Empirical Frechet mean.

Parameters:
• metric (RiemannianMetric) – Riemannian metric.

• max_iter (int) – Maximum number of iterations for gradient descent. Optional, default: 32.

• epsilon (float) – Tolerance for stopping the gradient descent. Optional, default : 1e-4

• point_type (str, {'vector', 'matrix'}) – Point type. Optional, default: None.

• method (str, {'default', 'adaptive', 'batch'}) – Gradient descent method. The adaptive method uses a Levenberg-Marquardt style adaptation of the learning rate. The batch method is similar to the default method but for batches of equal length of samples. In this case, samples must be of shape [n_samples, n_batch, {dim, [n,n]}]. Optional, default: 'default'.

• init_point (array-like, shape=[{dim, [n, n]}]) – Initial point. Optional, default : None. In this case the first sample of the input data is used.

• init_step_size (float) – Initial step size or learning rate.

• verbose (bool) – Verbose option. Optional, default: False.

fit(X, y=None, weights=None)[source]#

Compute the empirical Frechet mean.

Parameters:
• X ({array-like, sparse matrix}, shape=[…, {dim, [n, n]}]) – Training input samples.

• y (array-like, shape=[…,] or […, n_outputs]) – Target values (class labels in classification, real numbers in regression). Ignored.
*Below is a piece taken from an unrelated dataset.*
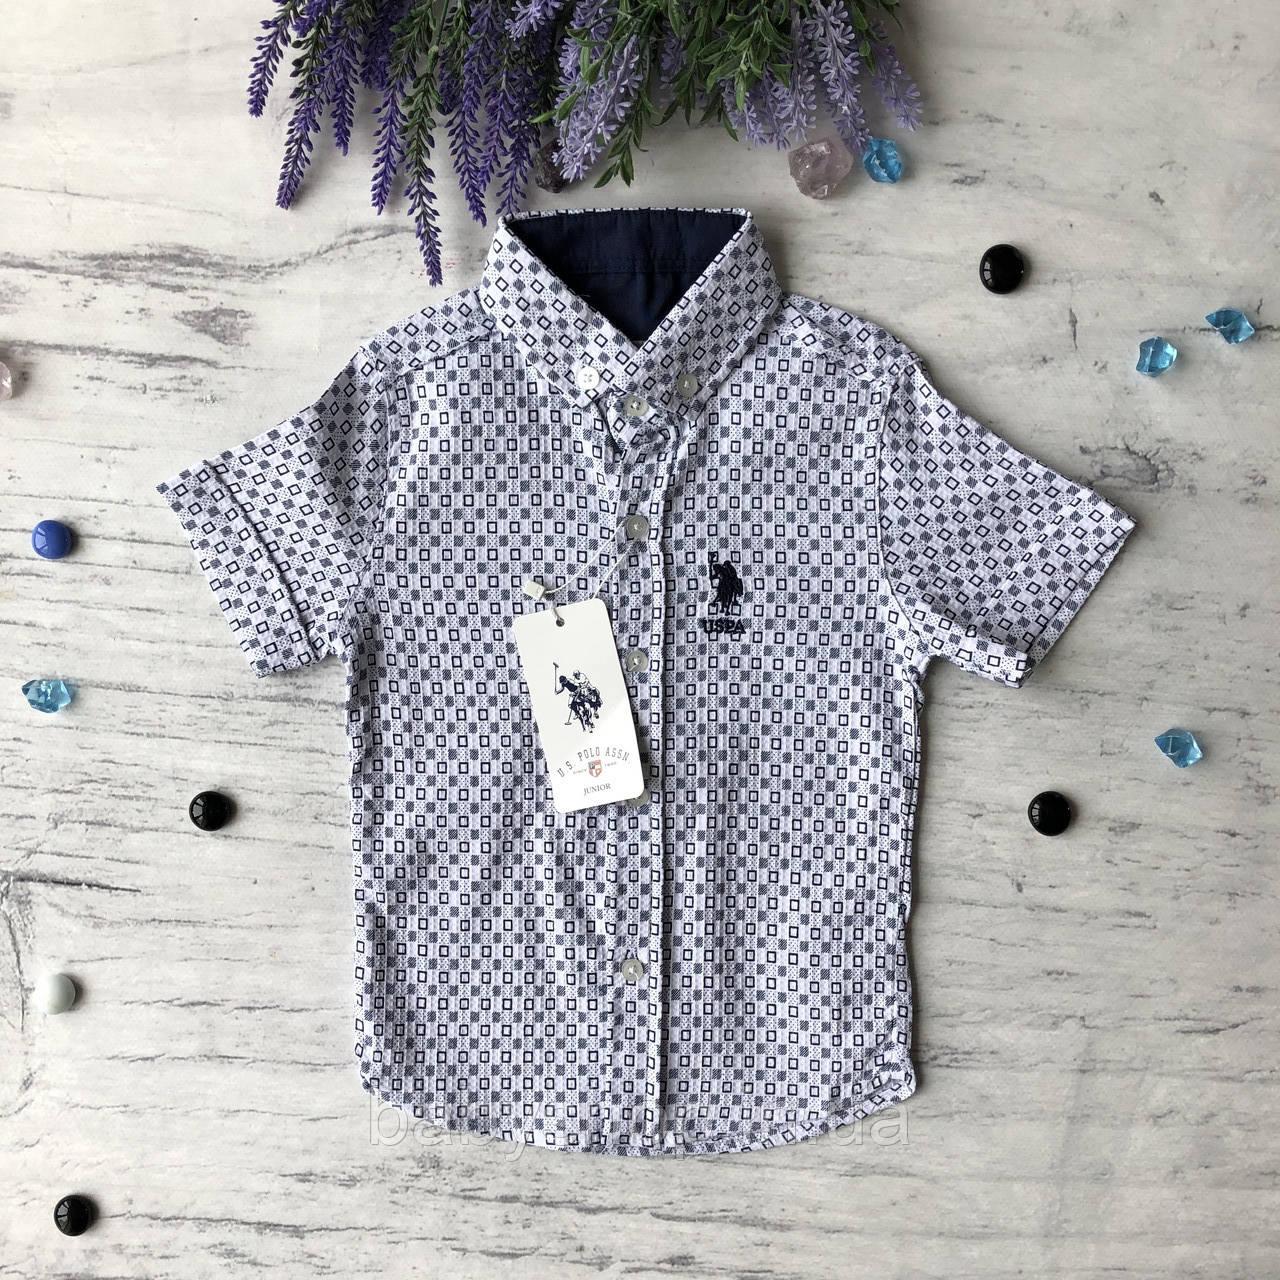 Летняя рубашка на мальчика 5. Размер 3 года, 4 года, 5 лет, 6 лет, 7 лет, 8 лет, 9 лет, 10 лет, 11 лет, 12 лет

• weights (array-like, shape=[…,]) – Weights associated to the points. Optional, default: None.

Returns:

self (object) – Returns self.

geomstats.learning.frechet_mean.elastic_mean(points, weights=None, metric=None)[source]#

Compute the weighted mean of elastic curves.

SRV: Square Root Velocity.

SRV curves are a special case of Elastic curves.

The computation of the mean goes as follows: - Transform the curves into their SRVs/F-transform representations, - Compute the linear mean of the SRVs/F-transform representations, - Inverse-transform the mean in curve space.

Parameters:
• points (array-like, shape=[…, n_sampling_points, dim]) – Points on the manifold of curves (i.e. curves) to be averaged.

• weights (array-like, shape=[…,]) – Weights associated to the points (i.e. curves). Optional, default: None.

Returns:

mean (array-like, shape=[n_sampling_points, dim]) – Weighted linear mean of the points (i.e. of the curves).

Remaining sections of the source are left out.